Although 2°C does not sound like much
And companies, the biggest polluters, are doing little to help.
Although 2°C does not sound like much, try growing a fickle plant when your spring is 2°C warmer, or surviving a now extra-sweaty and sweltering summer day. And each tiny change leads to a chain reaction. It is, however, a change that humanity can just about survive. Anything beyond that and the supercomputers doing the modelling go into meltdown because too many things start unravelling.
To reach the 2°C number, the levels of greenhouse gases in the atmosphere need to be capped at 450 parts per million (ppm) – double what they were before the Industrial Revolution kicked off. With this concentration they will still trap the sun’s rays in the atmosphere, but at a survivable rate.
The global agreements, from gatherings such as Cop17 in Durban last year, set 2030 as the latest date that this should happen. Otherwise, what is being called the “age of weird” – in which once abnormal environmental catastrophes become the norm – will move up another notch.
But there is little political and business will to force the necessary change. Rohitesh Dhawan, a resource economist at auditing firm KPMG, said: “We just don’t seem to have the appetite to develop policies and create the economic climate that will get us there.” And any reasoning that is happening is panicked and short-term, mirroring the handling of the global economic crisis. “The key difference, however, is that nature does not give bailouts,” Dhawan said.
Required emissions
In its own analysis for 2030, British Petroleum predicts a 28% increase in global carbon emissions, driven by increasing fossil fuel consumption. They are already the biggest emitter of carbon dioxide, the greatest pollutant of the atmosphere. “This leaves the world well above the required emissions path to stabilise the concentration of greenhouse gases at 450ppm,” it said. Even with a big increase in political and business commitments, “the path is elusive”.
A similar perspective given by PricewaterhouseCoopers came to the same conclusion. Based on the thoughts of the world’s biggest power utilities, including Eskom, it said fossil fuels would still provide 57% of the world’s energy by 2030. The official target of the International Energy Agency is 41% by 2035. “Projections fall significantly short of the adjustments needed to limit global warming to an average two degree increase. This will drive temperatures towards 3.5°C,” the report said.
At this temperature the effects become exponential: ice melts, ocean levels and temperatures rise as their currents change course, changing rainfall patterns and seasons in turn, and crops fail. And this is only in one system. The cause célèbre has been the possible melting of permafrost, which could release high levels of methane gas. Being a heavy-hitting greenhouse gas, it traps more of the sun’s rays and heats the planet much more rapidly than carbon dioxide.

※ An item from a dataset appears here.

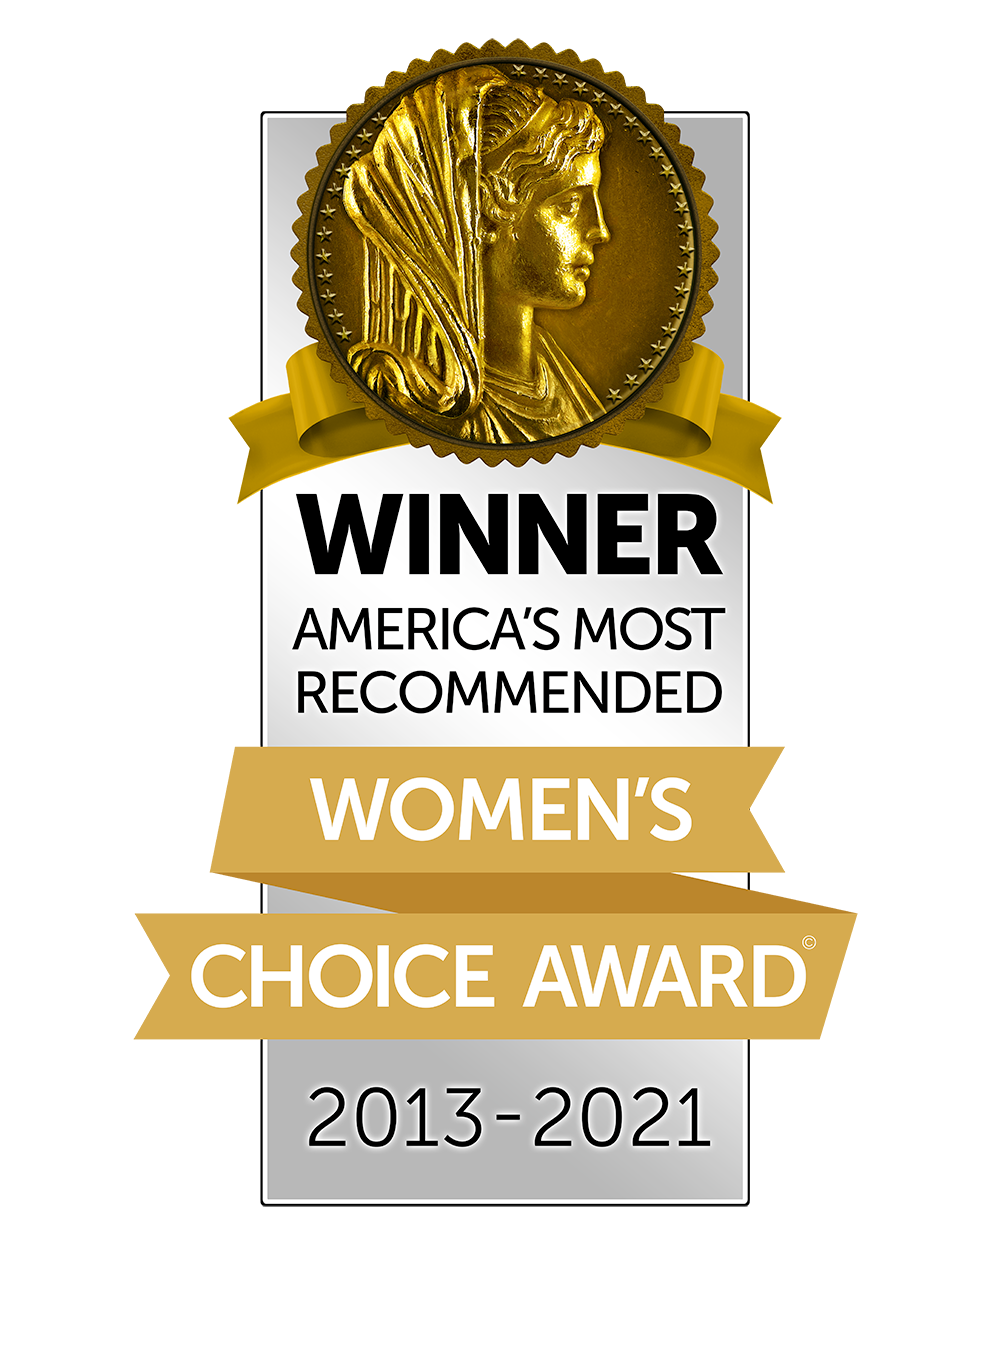 2013-2021 Women's Choice Award: America's Most Recommended

South Africa is committed to reducing its carbon emissions by 35% by 2020. To get there it has introduced the national climate change response policy. In launching it, Edna Molewa, minister of water and environmental affairs, said: “Climate change is already a measurable reality and, along with other developing countries, South Africa is especially vulnerable to its impacts.”
Richard Worthington, head of the World Wide Fund for Nature’s climate change programme, said South Africa’s chances of meetings its promises were “very much in play” and only in time would its success or failure become clear. With the national climate change response white paper and moves by the treasury to implement a carbon tax next year, government and business had to get serious motivation and reasons to adapt, he said.
Required emissions
Bleak reports by companies about the impossibility of reaching targets showed “an utter lack of appreciation of either the consequences of their actions, or the options they have for more responsible energy development pathways,” he added. But even if the 450ppm target was exceeded, “we should still endeavour to get back to this level”.
For now, South Africa’s progress is negative. Melita Steele, climate and energy campaigner for Greenpeace Africa, said: “South Africa’s emissions are actually on a sharp upward trajectory because of the irresponsible new investments in coal.”
As the twelfth-largest carbon emitter in the world this meant the country was not doing its part, she said, which was strange given that Africa would be the worst affected continent as temperatures crept up.
“We all face a grave and uncertain future,” Worthington said.